(Source records)

-------------------------

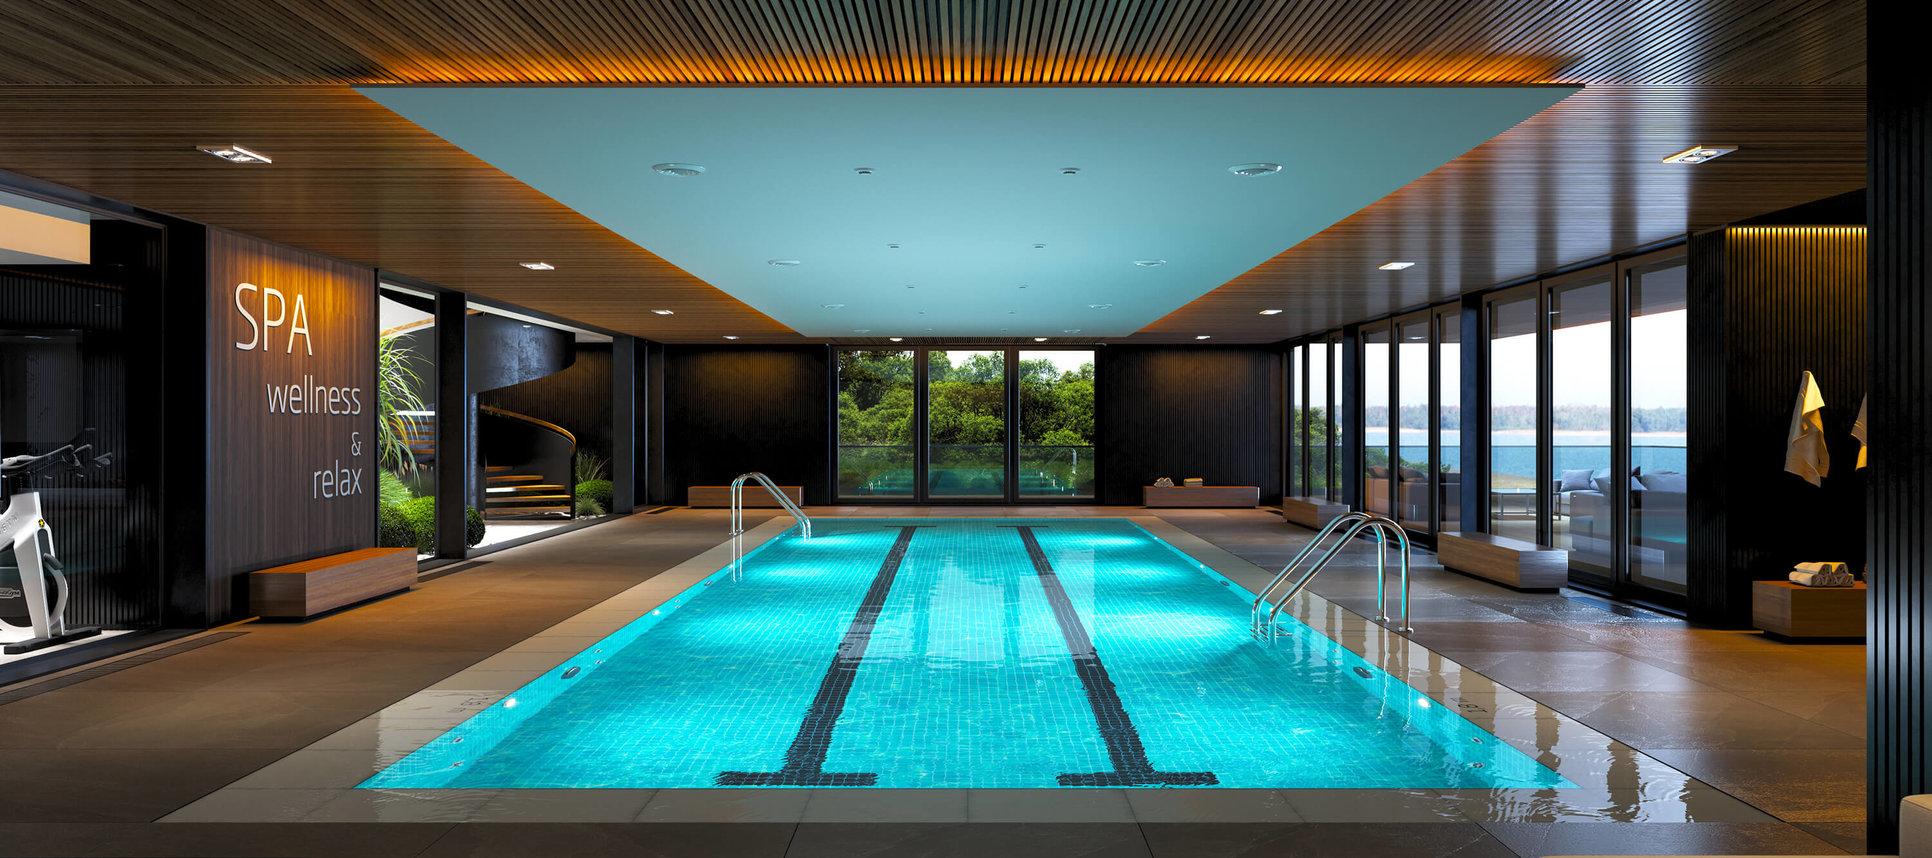 Wizualizacja wnętrz - wizualizacja basenu
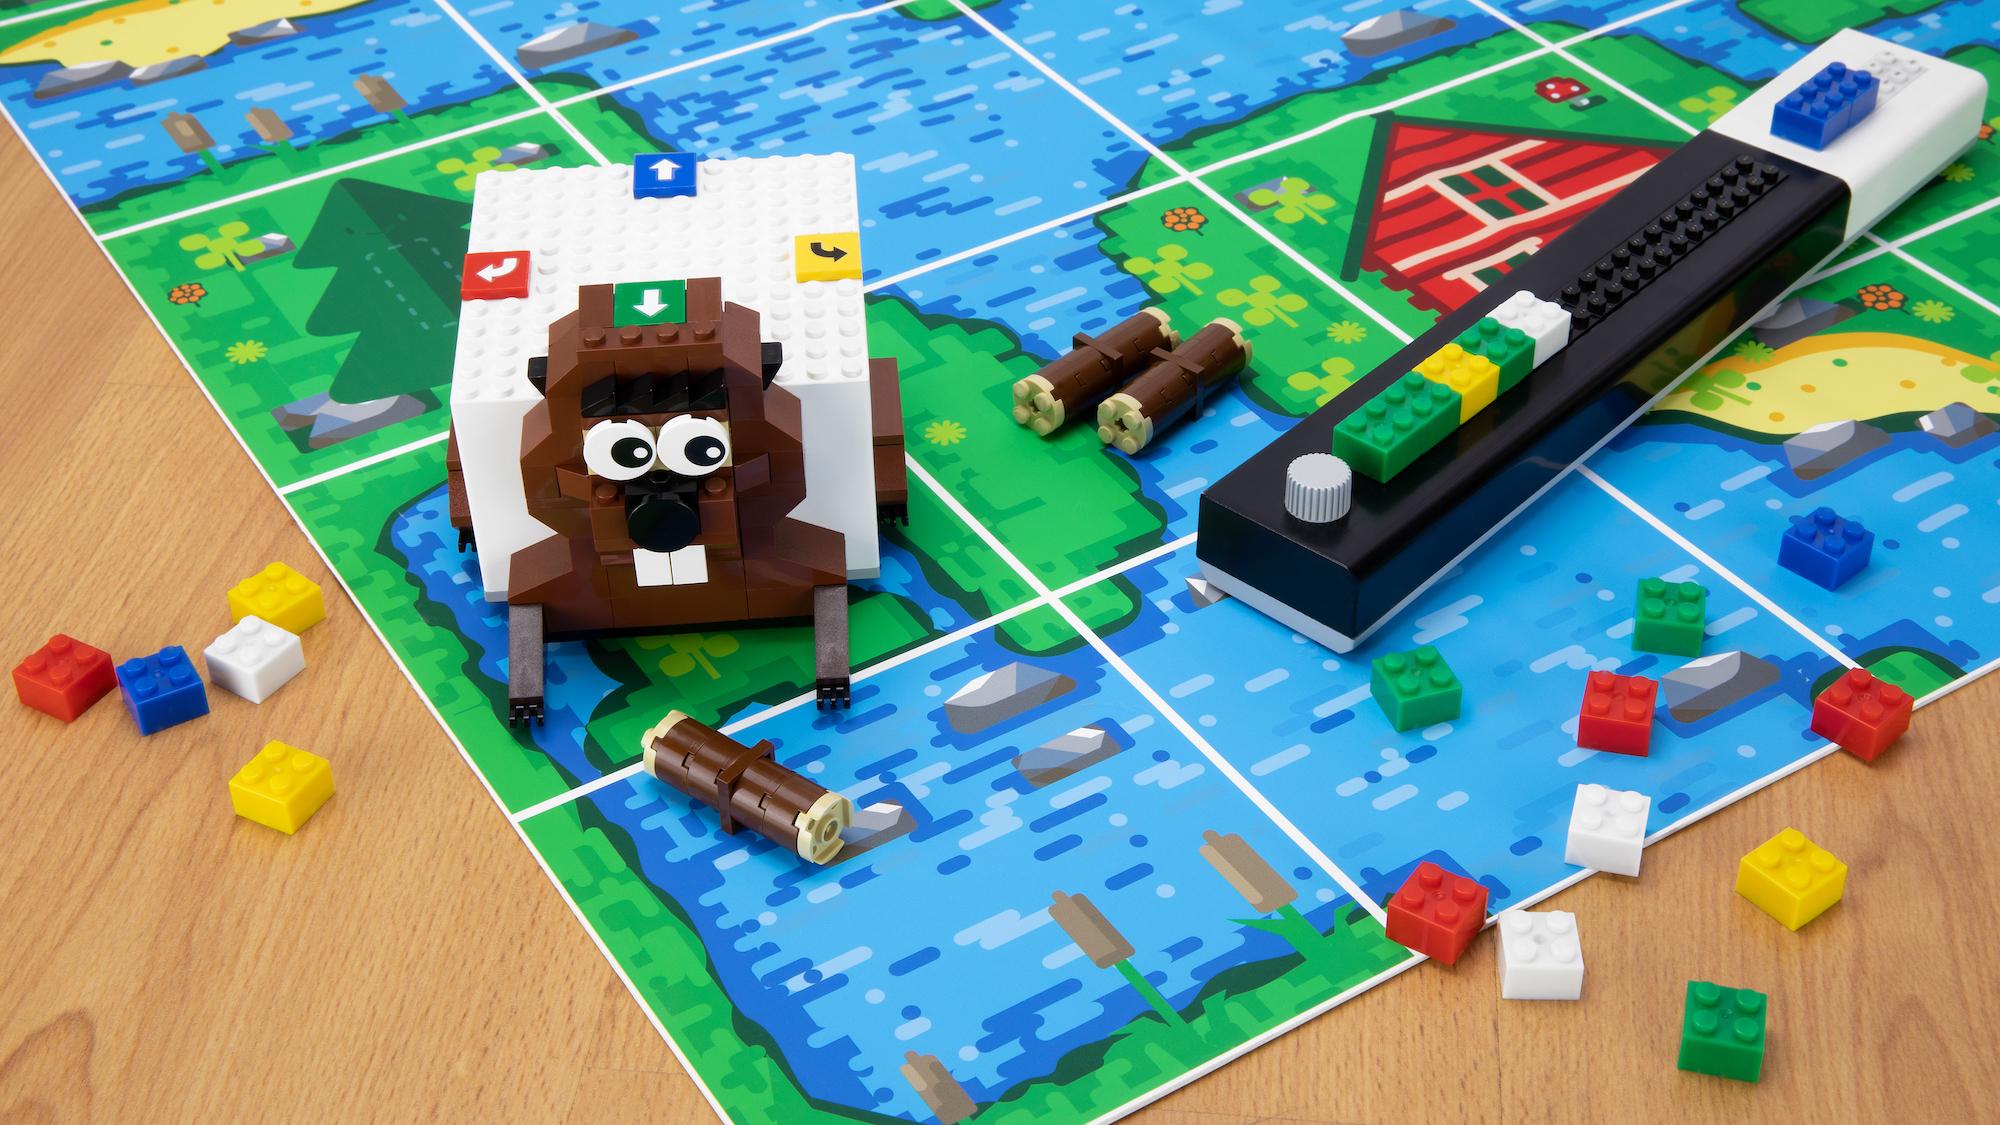 Tinkerbots Lomo: Programmieren lernen mit der IDE aus Lego-Steinen - In einem Erweiterungsset dreht sich alles um einen Biber. (Bild: Tinkerbots)
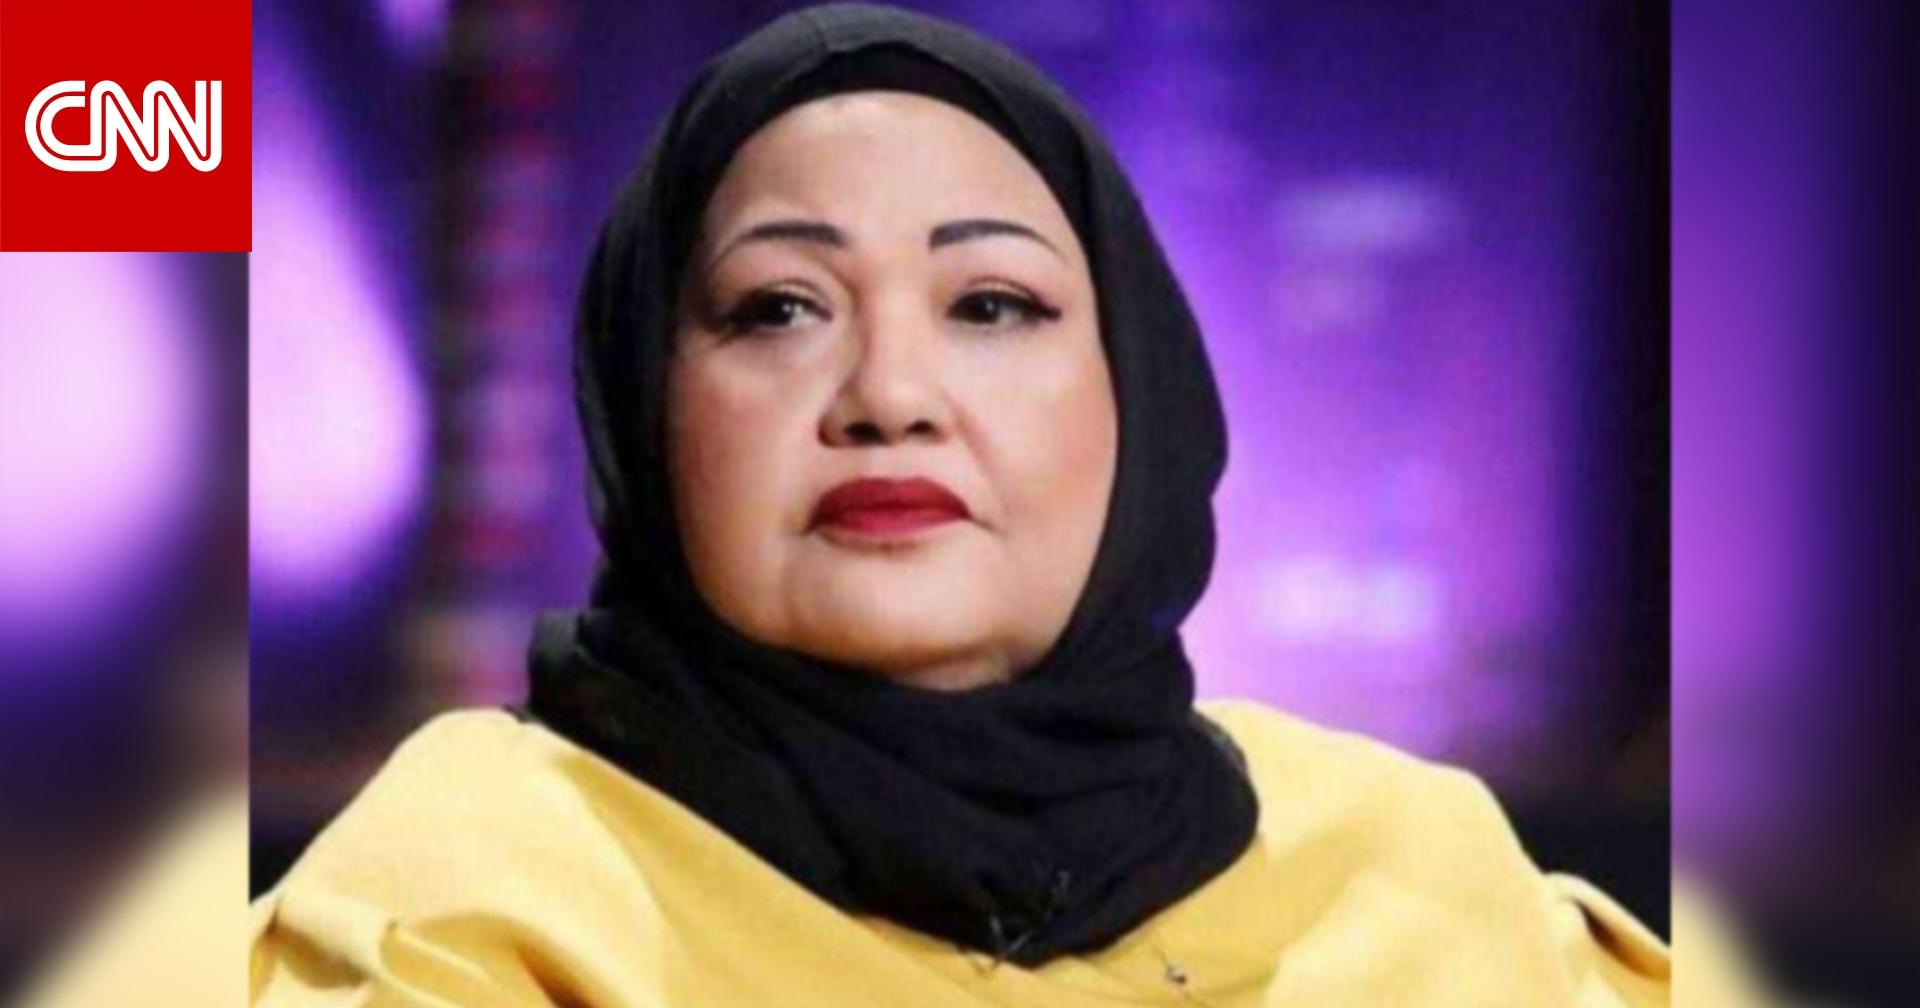 وفاة الفنانة الكويتية انتصار الشراح عن عمر يناهز 59 عامًا
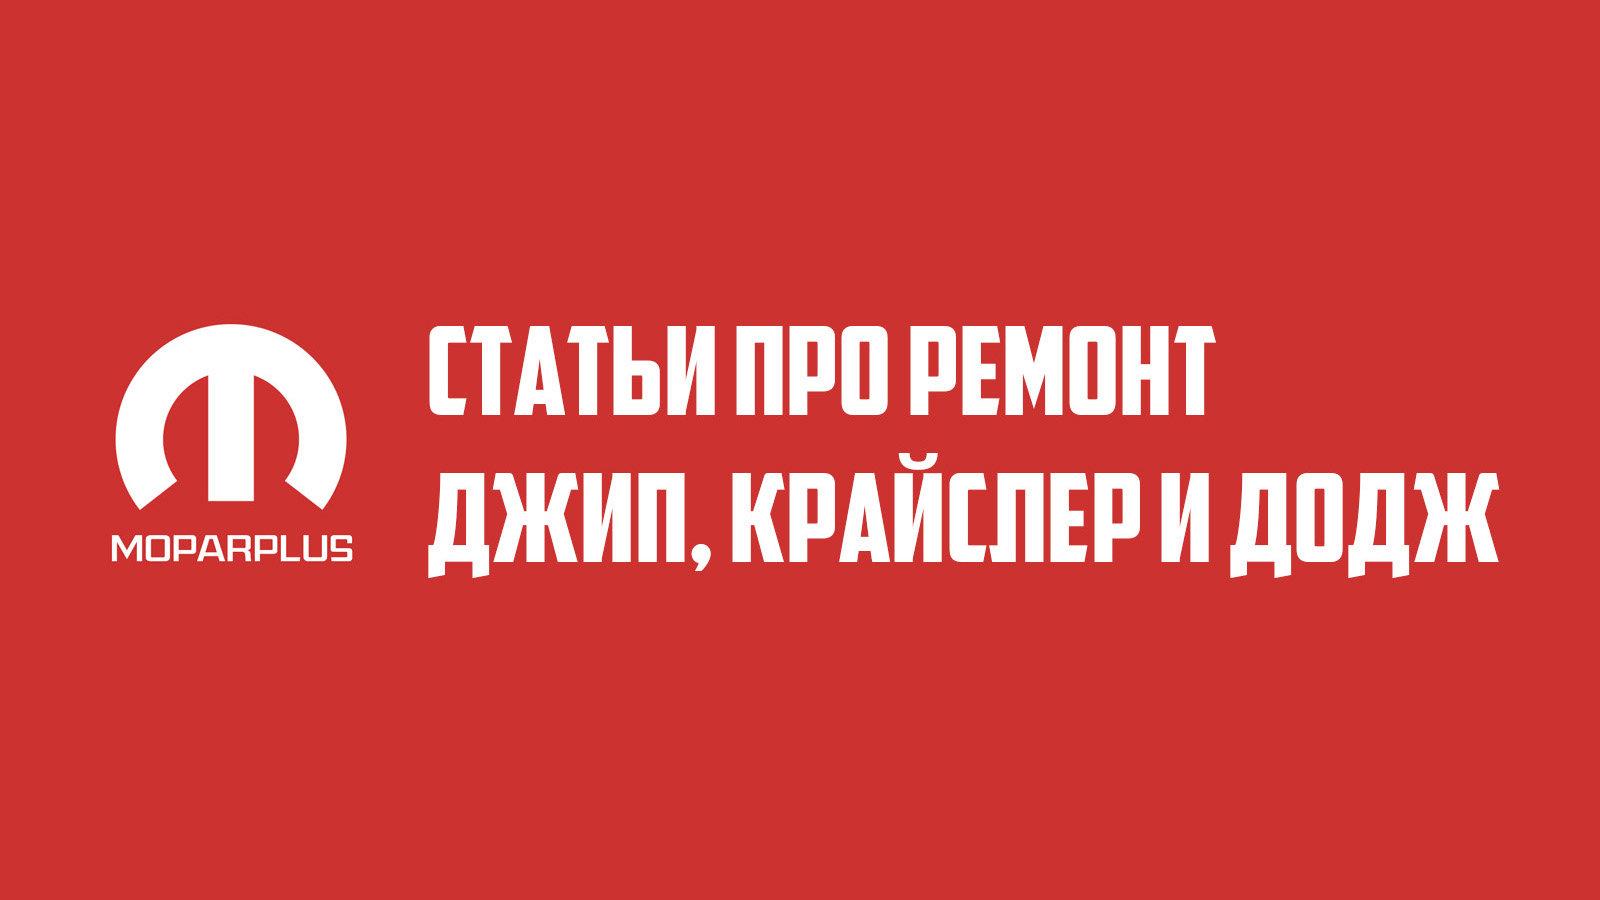 Статьи про ремонт. Выпуск №19.
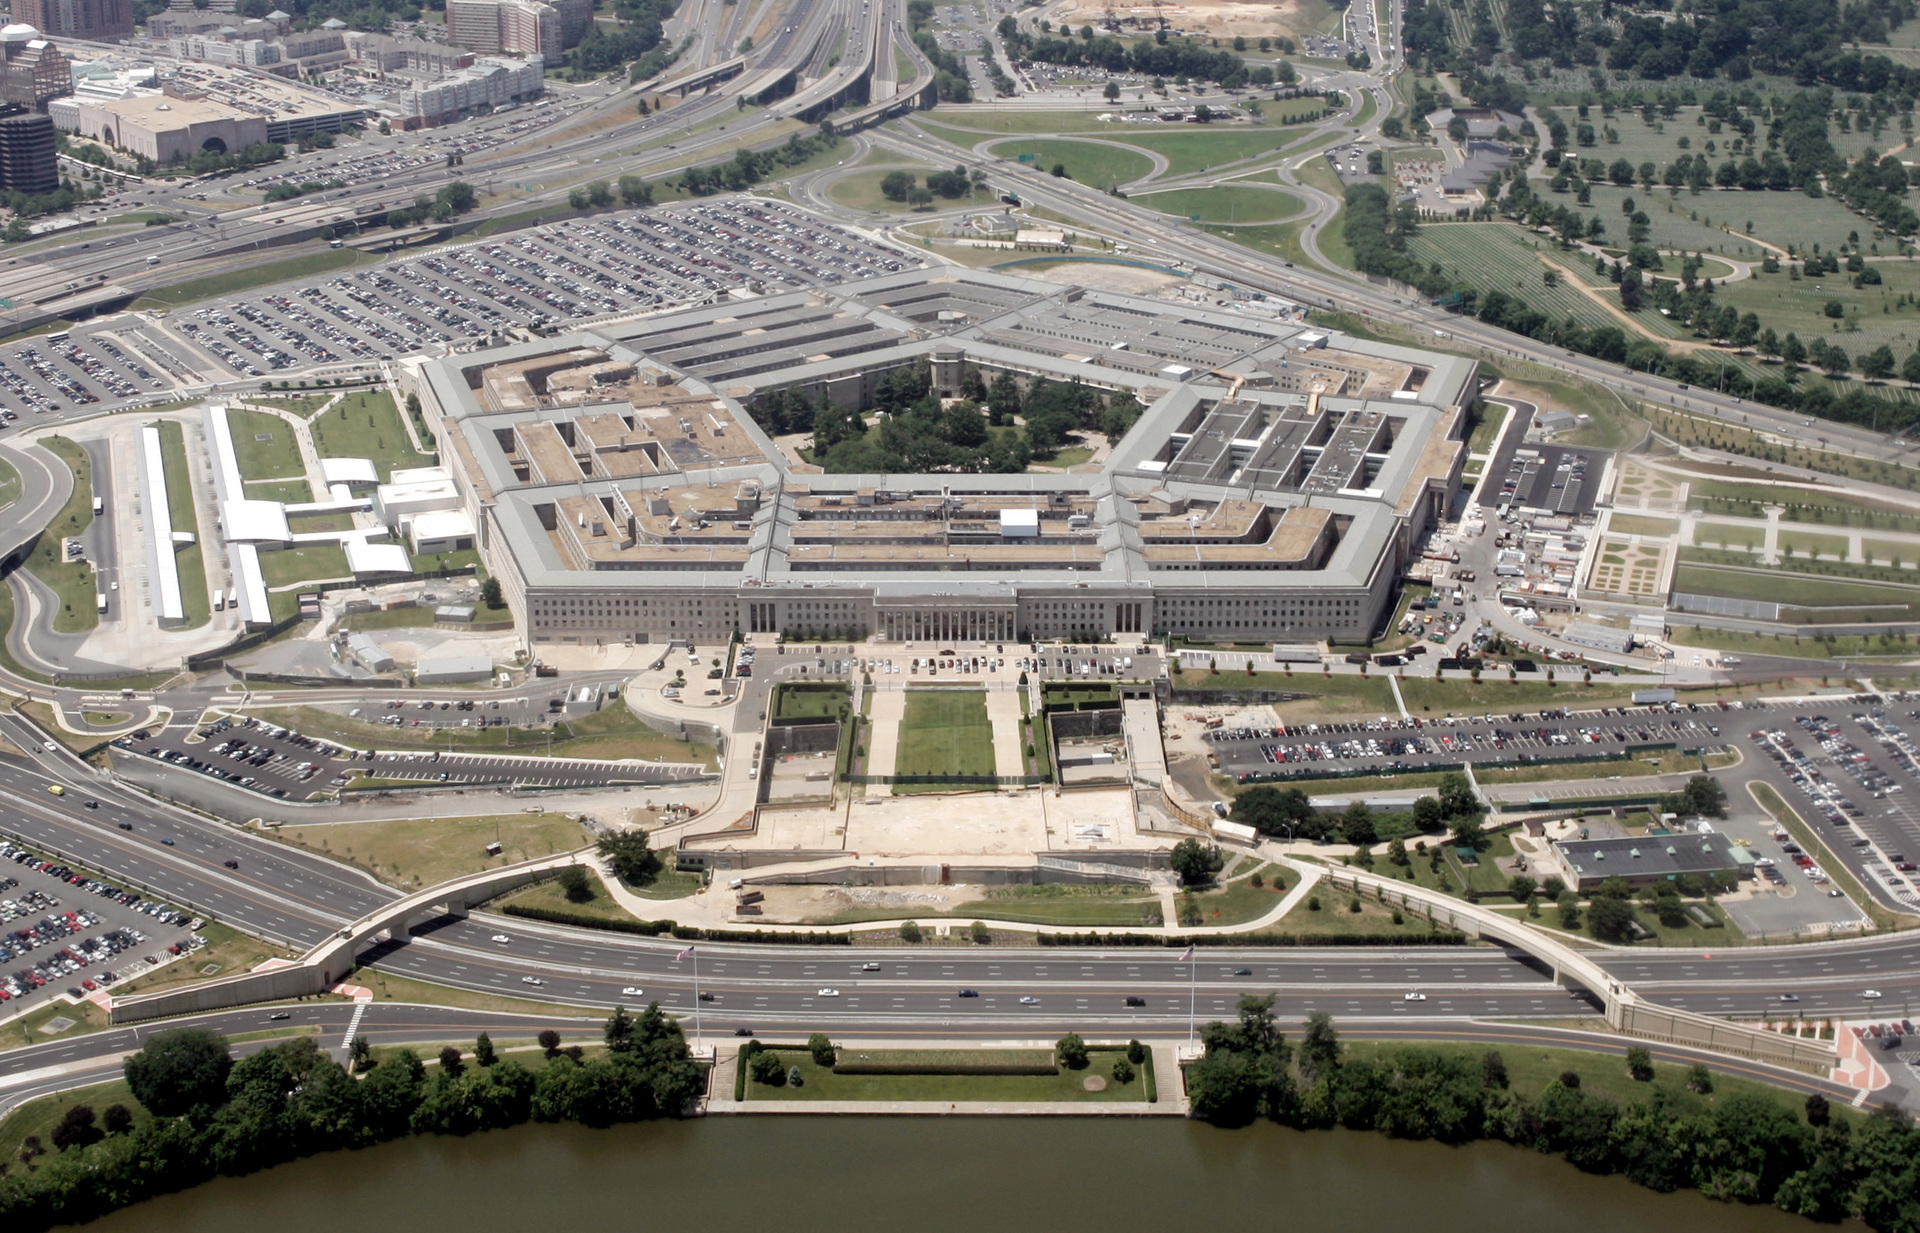 Ближневосточное усиление: станет ли Трамп и дальше наращивать контингент США в Саудовской Аравии

-------------------------

Only the lines from the one containing "Tinkerbots Lomo: Programmieren" through the end of the data above are to be output, exactly and without pictures.

Answer section:
 Tinkerbots Lomo: Programmieren lernen mit der IDE aus Lego-Steinen - In einem Erweiterungsset dreht sich alles um einen Biber. (Bild: Tinkerbots)
 وفاة الفنانة الكويتية انتصار الشراح عن عمر يناهز 59 عامًا
 Статьи про ремонт. Выпуск №19.
 Ближневосточное усиление: станет ли Трамп и дальше наращивать контингент США в Саудовской Аравии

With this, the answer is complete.